Dr. Del Campo and Dr. Katta both say that after applying a spray sunscreen, it is important to make sure it is glistening on the skin before rubbing it in to get an even layer of coverage.
“I know some of the products say that they're just ‘spray-and-go,’ but that's not what I recommend,” said Dr. Katta. “I recommend that you spray and then you make sure that you rub it in so that you're not missing any spots.”
According to the AAD, it is important to make sure you are reapplying sunscreen every two hours when outdoors or immediately after swimming or sweating no matter what type of sunscreen you are using.
“There are certain sunscreens that are going to resist the water a little bit better, but regardless, I think it's really important every two hours you should be reapplying sunscreen. If you're in the water and you get out, you should probably go ahead and reapply then also. You want to just take that extra level of caution,” said Dr. Katta.
Dr.
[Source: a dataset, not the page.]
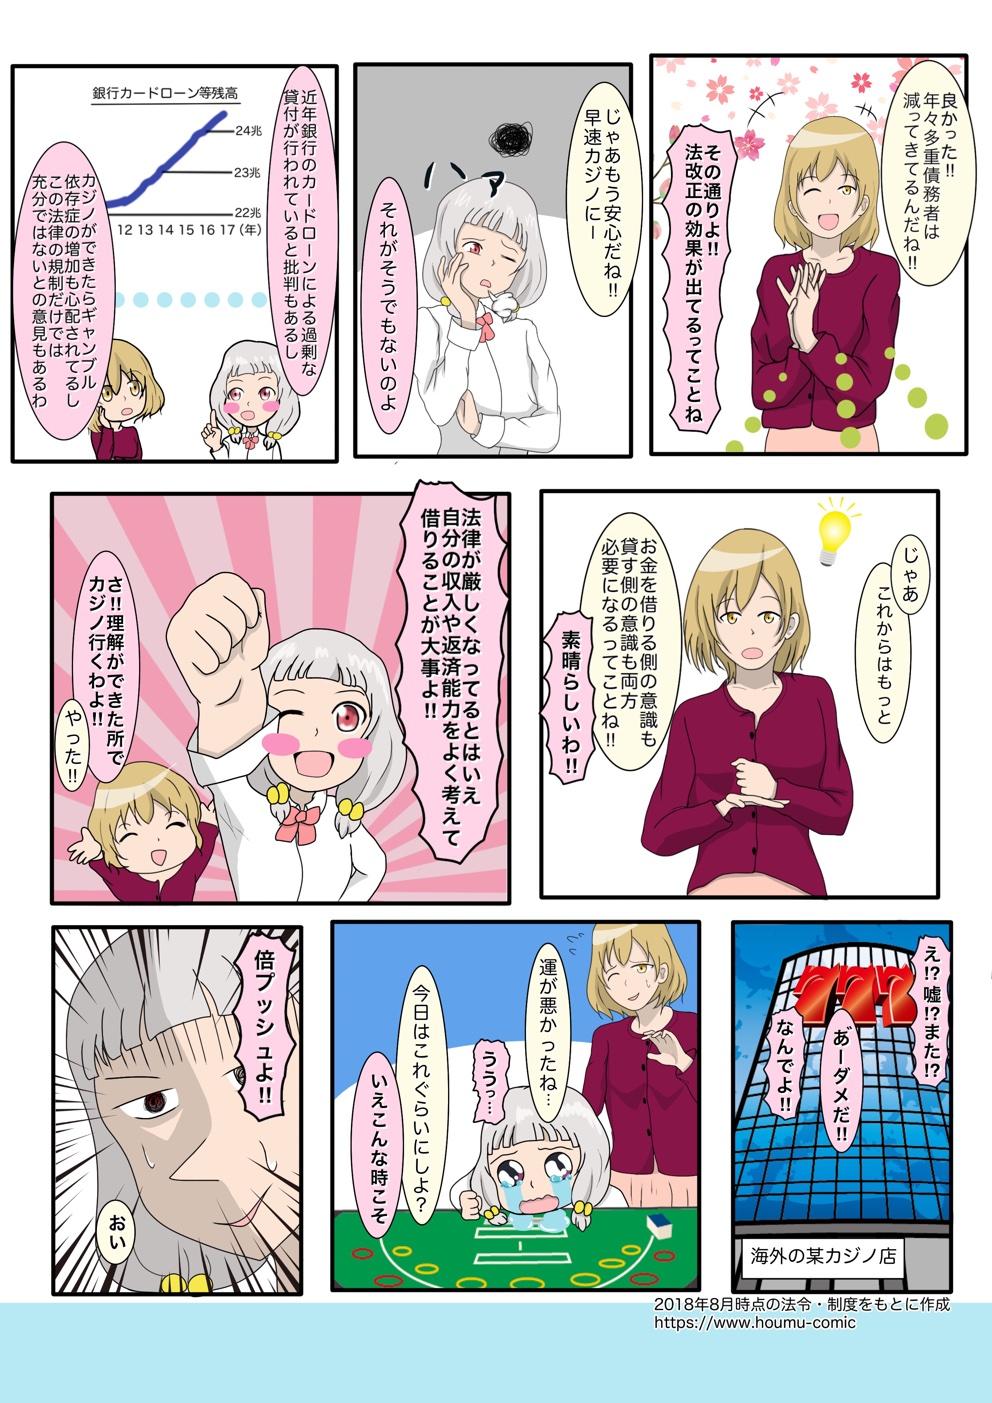 f:id:houmu_comic:20180820211049j:plain

Del Campo says it’s also recommended to apply spray sunscreen about 15 to 20 minutes prior to being exposed to the sun and before participating in any water activities.
“All of those sprays have a certain alcohol content on it, so it takes a little while for the alcohol to evaporate and for the actual chemical ingredient to bind,” said Dr. Del Campo.
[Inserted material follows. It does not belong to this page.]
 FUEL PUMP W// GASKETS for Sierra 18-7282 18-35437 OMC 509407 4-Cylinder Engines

As for applying sunscreen to the face, Dr. Katta says she does not recommend spraying sunscreen directly on the face, especially children’s faces. Instead, she says people should first spray the sunscreen on their hand and then rub it in before applying it. She also says people can use a separate sunscreen lotion for the face in order to avoid inhaling the spray-on kind.
“You have to be extra careful with your face in terms of getting adequate coverage,” said Dr. Katta. “I don't recommend it for children's faces. I think it's okay for the body, as long as their head is turned away.”
To safely and adequately use spray sunscreen, the AAD recommends these tips:
- Hold the nozzle close to your skin and spray generously. Most adults need at least one ounce of sunscreen — about enough to fill a shot glass — to fully cover the body. Since it can be difficult to determine how much spray sunscreen is enough, a good rule of thumb is to spray until your skin glistens. It’s also important to remember that a typical 6-ounce bottle of spray sunscreen contains six applications.
- Rub it in thoroughly. To ensure that you didn’t miss any spots and that you have an even layer of coverage, rub the sunscreen in after spraying.
- Avoid inhaling spray sunscreen. Current U.S. Food and Drug Administration regulations do not pertain to spray sunscreens, although the agency continues to evaluate these products to ensure safety and effectiveness. Do not inhale spray sunscreen, and never spray sunscreen around or near your face or mouth. Instead, spray the sunscreen on your hands first and then apply it to your face.
- Avoid using spray sunscreen on windy days. These conditions make it more difficult to apply sunscreen and easier to accidentally inhale it.
- Never apply a spray sunscreen near heat or open flame, or while smoking. Although sunscreen isn’t usually flammable, it can be when used in aerosol form. Never spray it by a grill, candles, or other source of fire, and make sure it is thoroughly rubbed in and dry before approaching any open flames.
The AAD also recommends looking for sunscreens that are broad-spectrum, water-resistant, and have an SPF of 30 or higher. They also say people should use other preventative methods, along with sunscreen, to protect themselves from the sun’s rays while outside.
“Broad-spectrum means that the sunscreen will protect against both types of harmful ultraviolet rays that can cause skin cancer — not just against the ones that cause sunburn,” says the AAD. “Since no sunscreen blocks 100% of the sun’s harmful ultraviolet rays, it’s also important to seek shade and wear protective clothing whenever possible, including a long-sleeved shirt, pants, a wide-brimmed hat, and sunglasses with UV protection.”